Legazpi, Albay Airport | MyAngel Photography |
What happened? These two words bother my mind for weeks now. What happened to you dear self?
As I look back to those years I spent my graduate studies, I still couldn't believe I survived the hectic schedules and activities. Yes! I've been really busy with lots of reflection papers, case studies, orals, exams, and research but I never did lose heart because I believed I will be able to pass the ordeal and will finally focus on what I really love doing which is Photography.
Photography was my motivation ever since I entered the walls of Graduate School. And though I had my class schedules I still managed to cut-classes for photography's sake. I had attended seminars and did grab photo session opportunities. There were also photo programs I failed to attend because of the demand of my studies.

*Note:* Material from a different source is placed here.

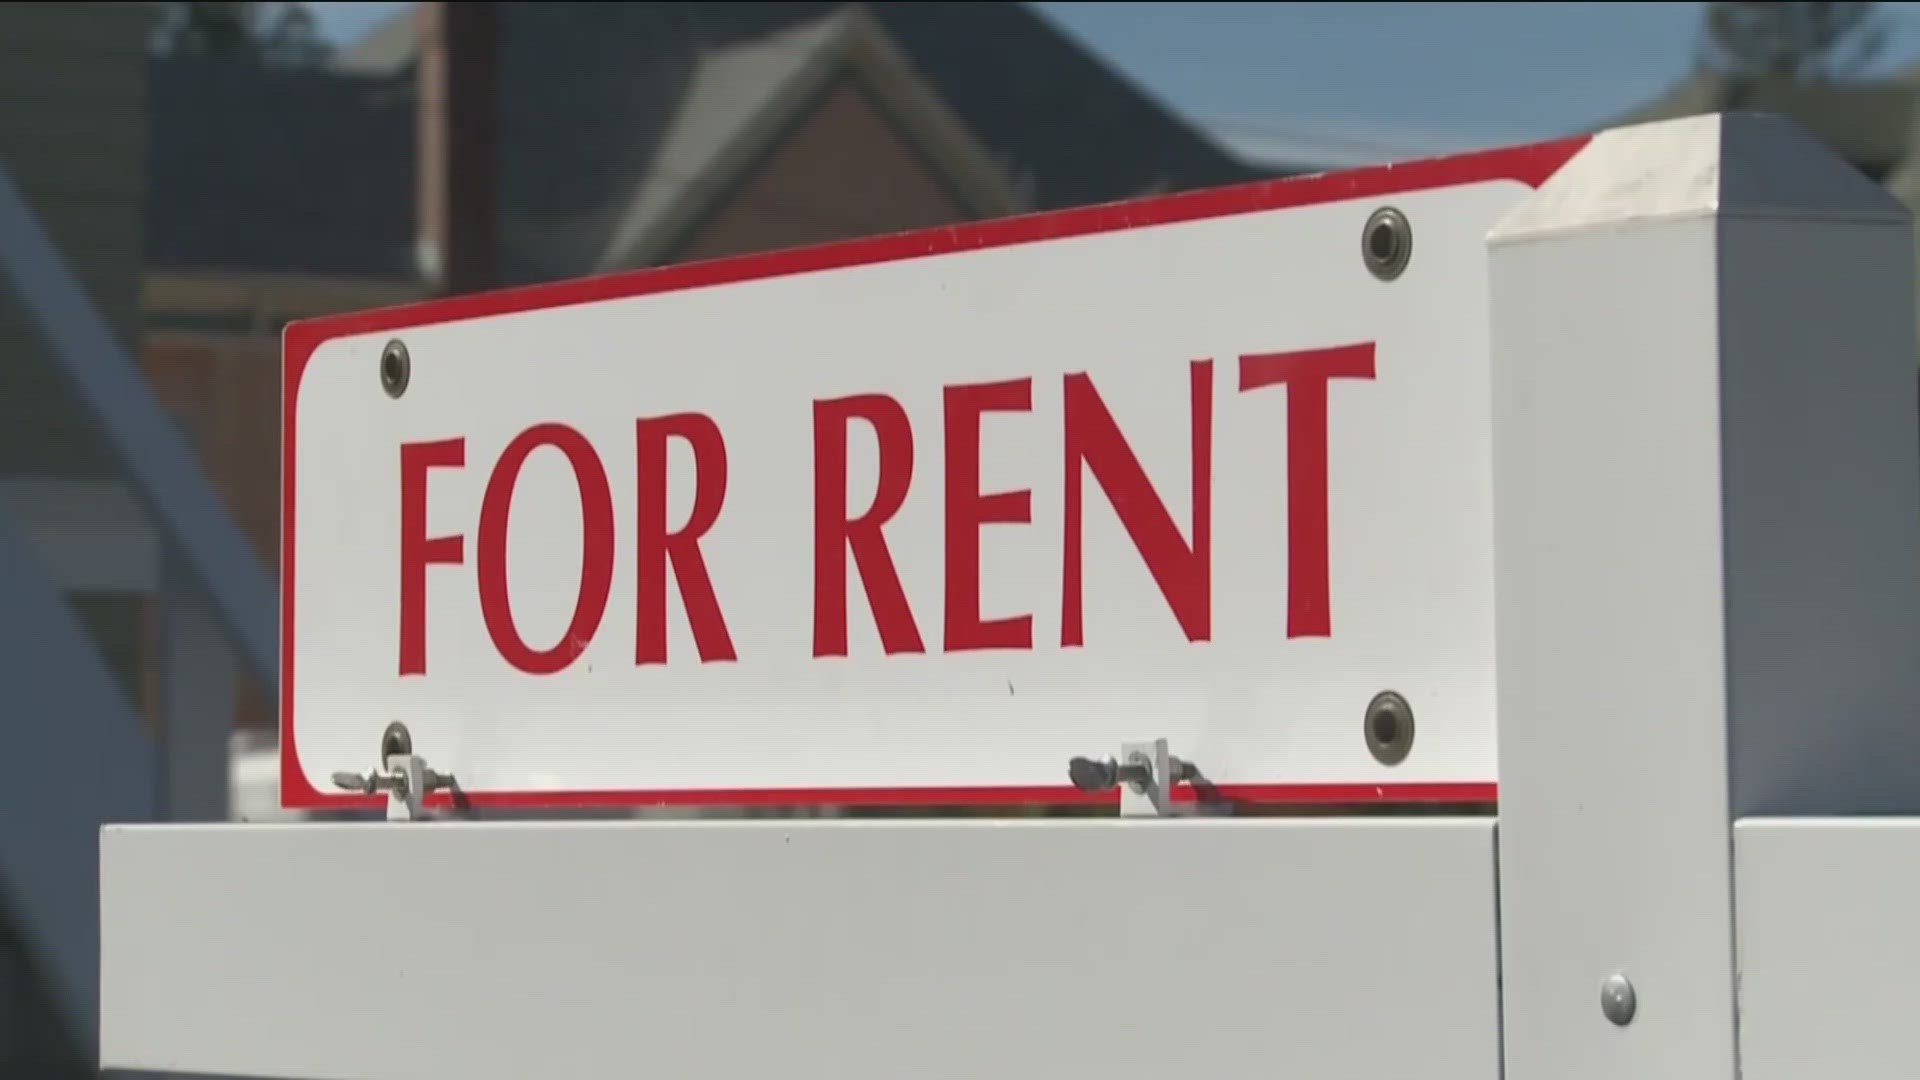 The ordinance would provide protections to renters from eviction as long as they continue to pay rent and comply with their lease.

I declined offers too and promised to make it up after my graduation. I had so much energy, passion, and perseverance back then.

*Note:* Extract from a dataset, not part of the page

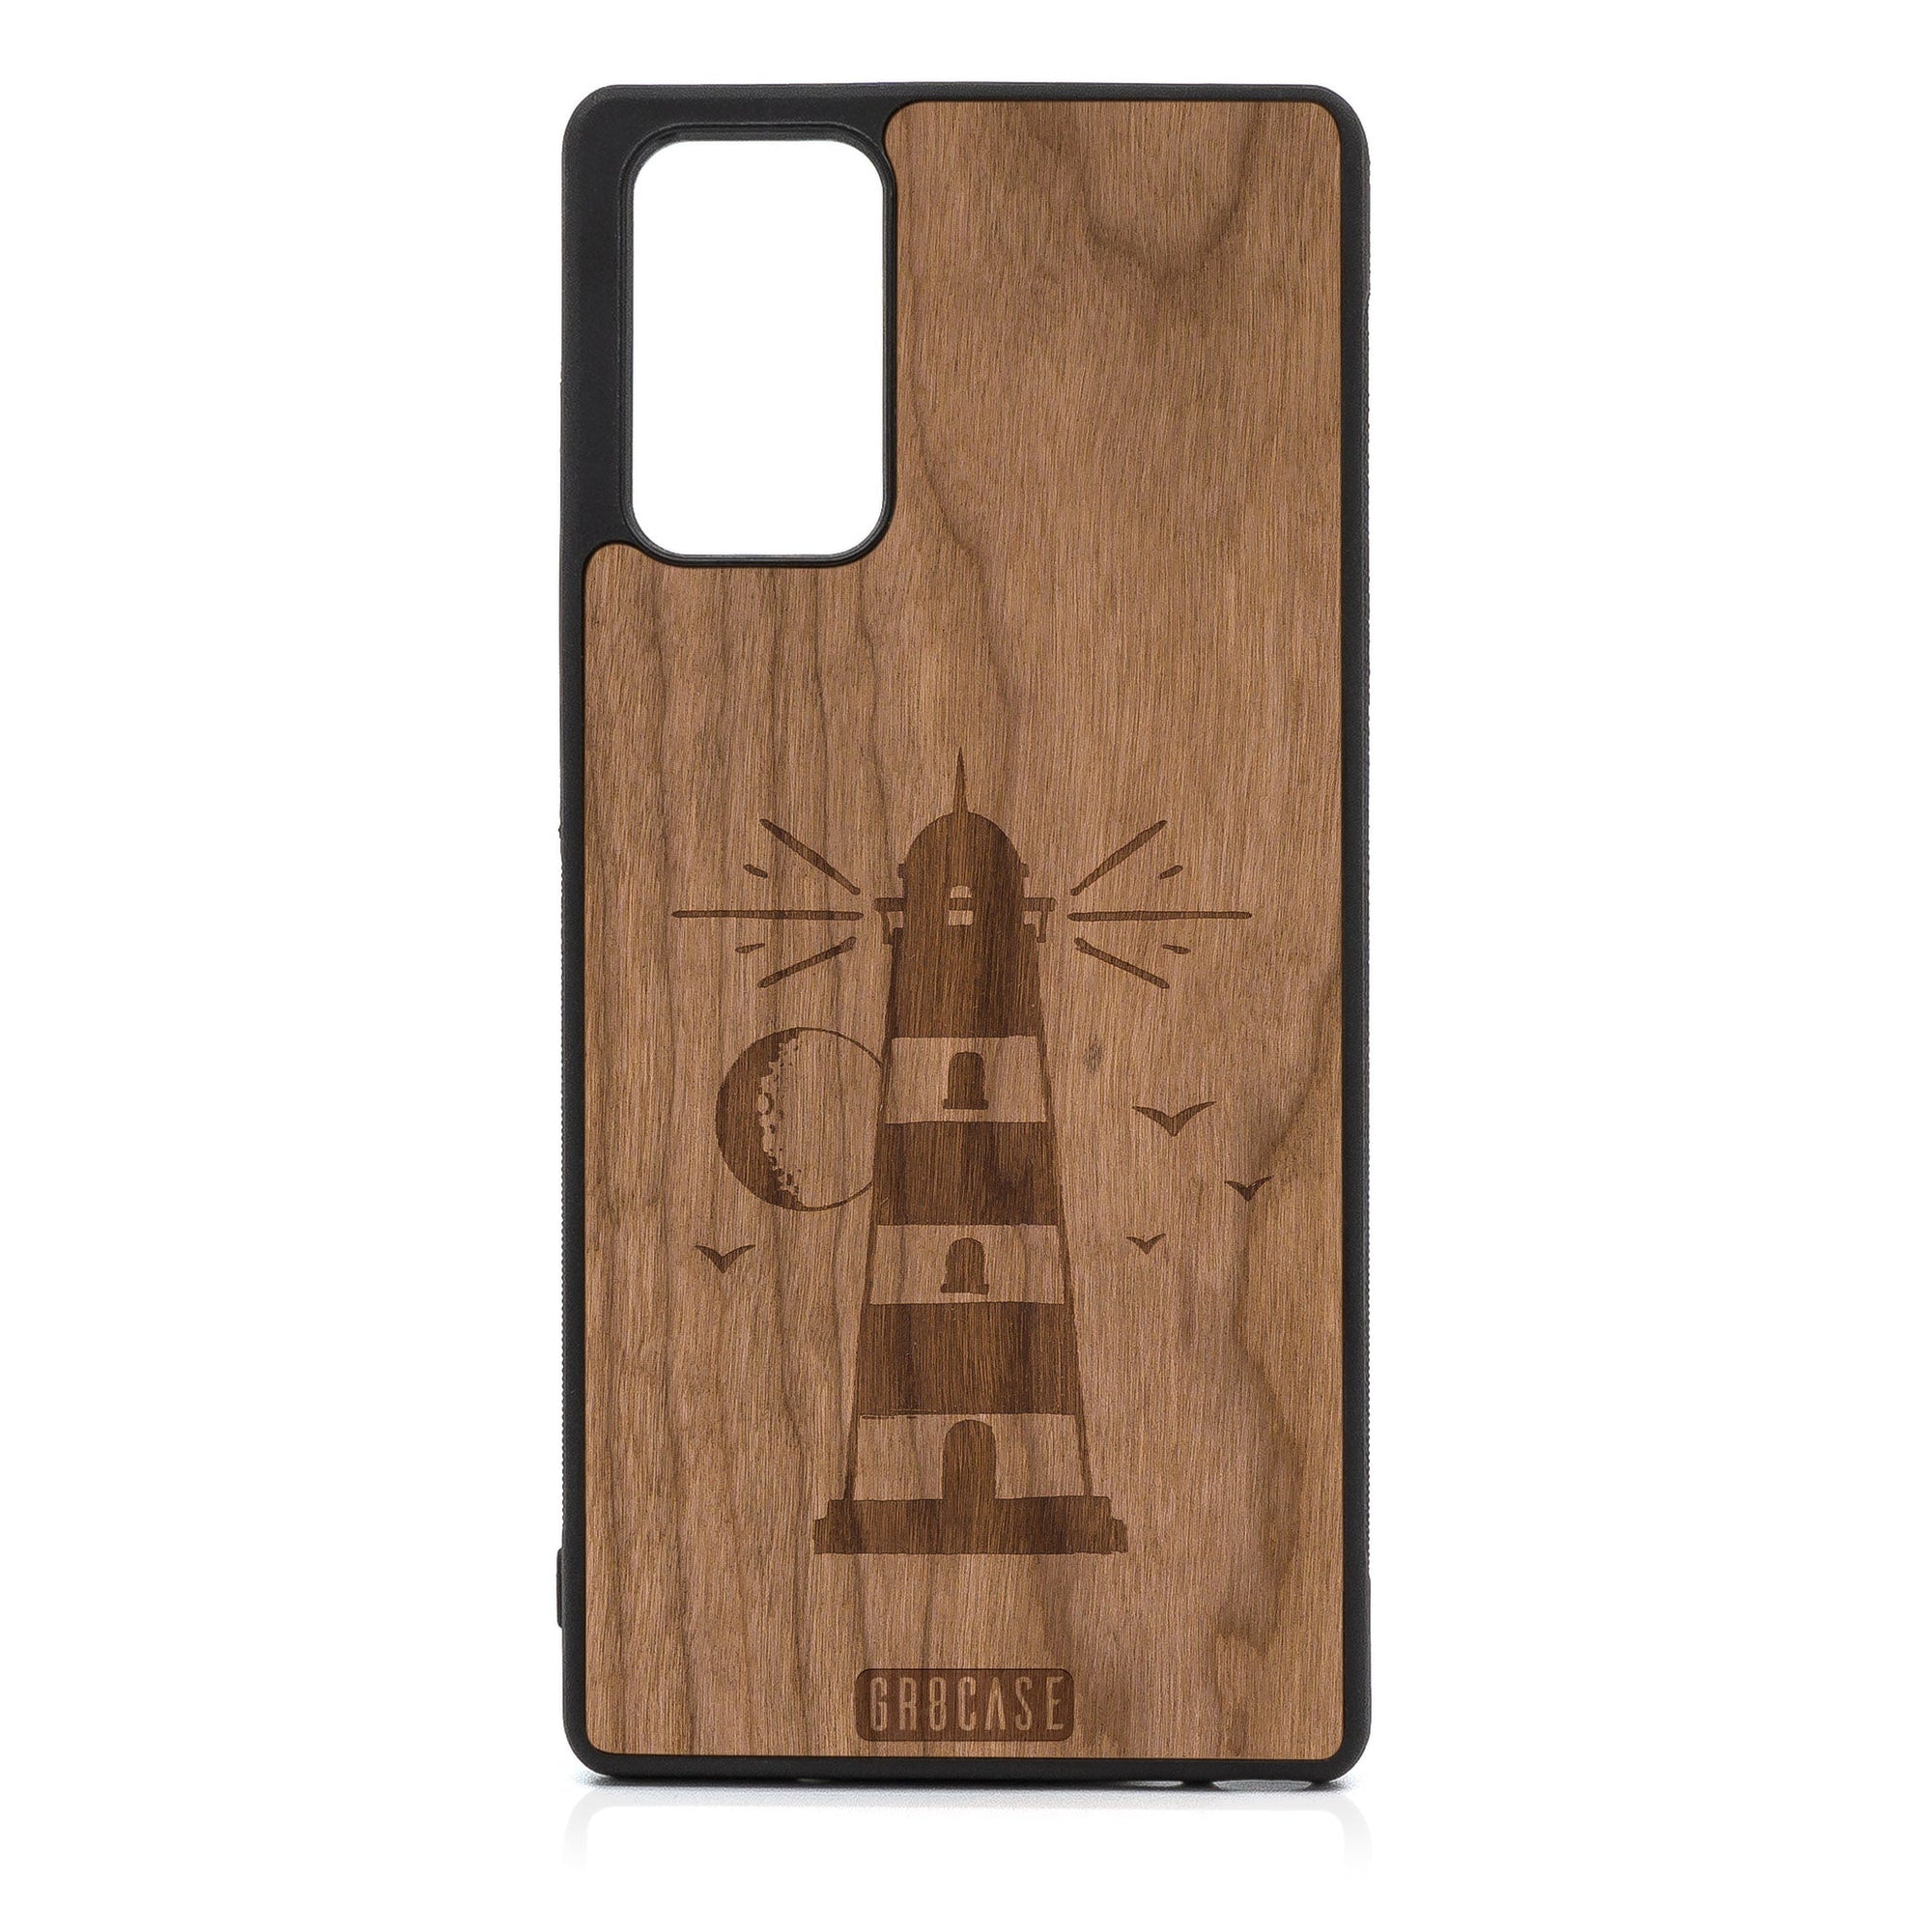 Midnight Lighthouse Design Wood Case For Samsung Galaxy A52 5G

Fast forward to now, I already passed what has required of me. I already graduated together with my BFFs. Now I that I already achieved my Master's Degree, I'm over with those tiring yet exciting Saturdays. I never have to wake up early which turned out to be the very unproductive weekends of my life. I wanted to do something but lack the passion for doing so. I've got all the time, but I still failed. I really feel sorry for my old passionate self for not fulfilling the dream, for now.

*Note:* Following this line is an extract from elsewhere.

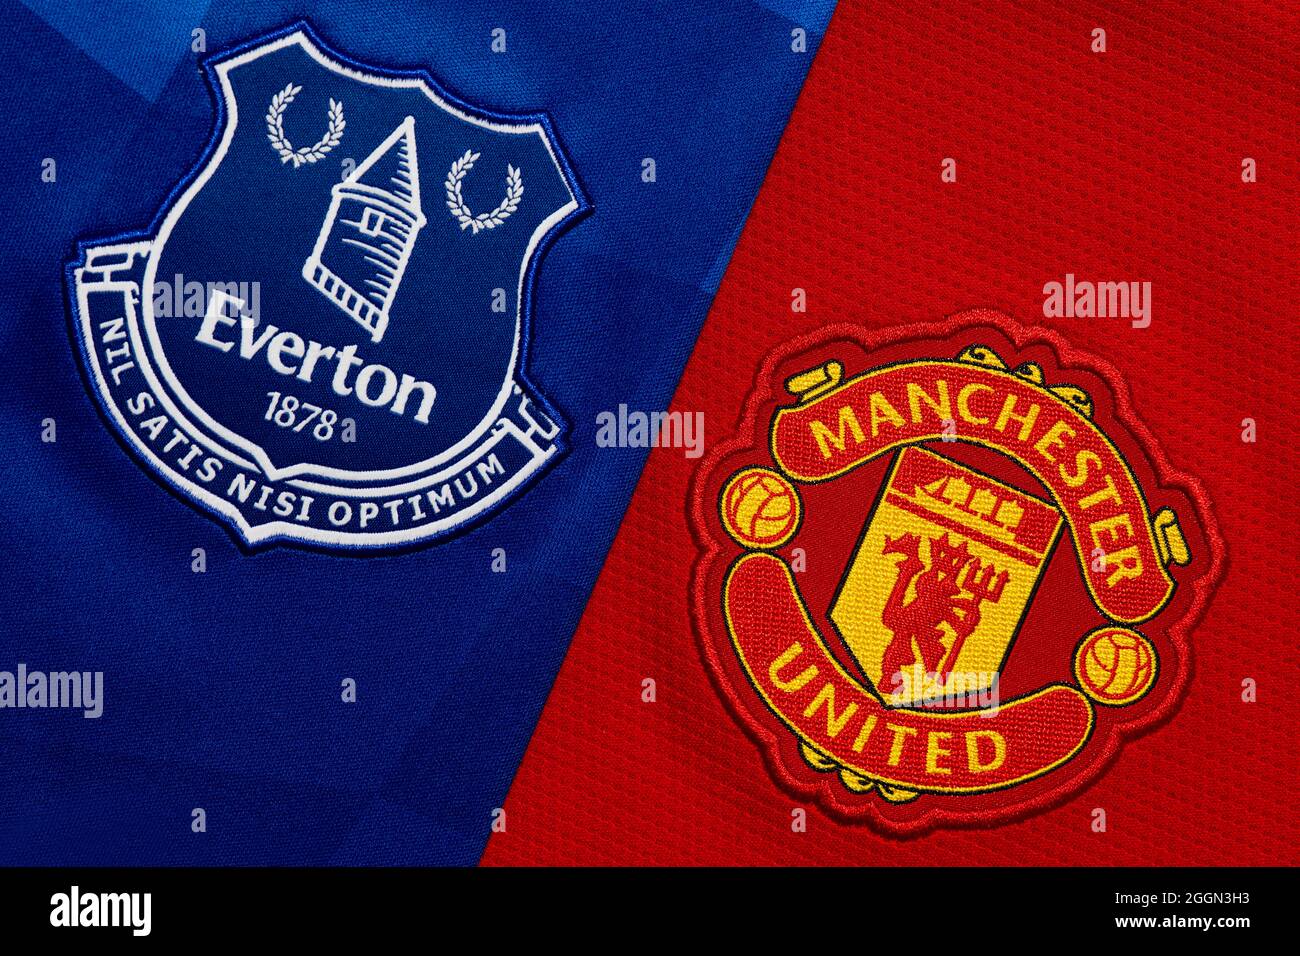 Close up of Manchester United & Everton club crest. Stock Photo

So what actually happened?
Truth is I don't really know. It's like waking up from a wonderful dream. Then found myself longing for those moments, feelings and goals. I am feeling lost now. I wonder where my heart and spirit is. I hope I can make it up to my old self someday. I hope that when that perfect time comes, I can finally say, "dreams do come true." I hope that passion will find its way back someday, somehow. I hope it will be soon.
P.S.
As I am writing this, it is raining really hard outside. Thank you, God, for the comfort. I know it's You.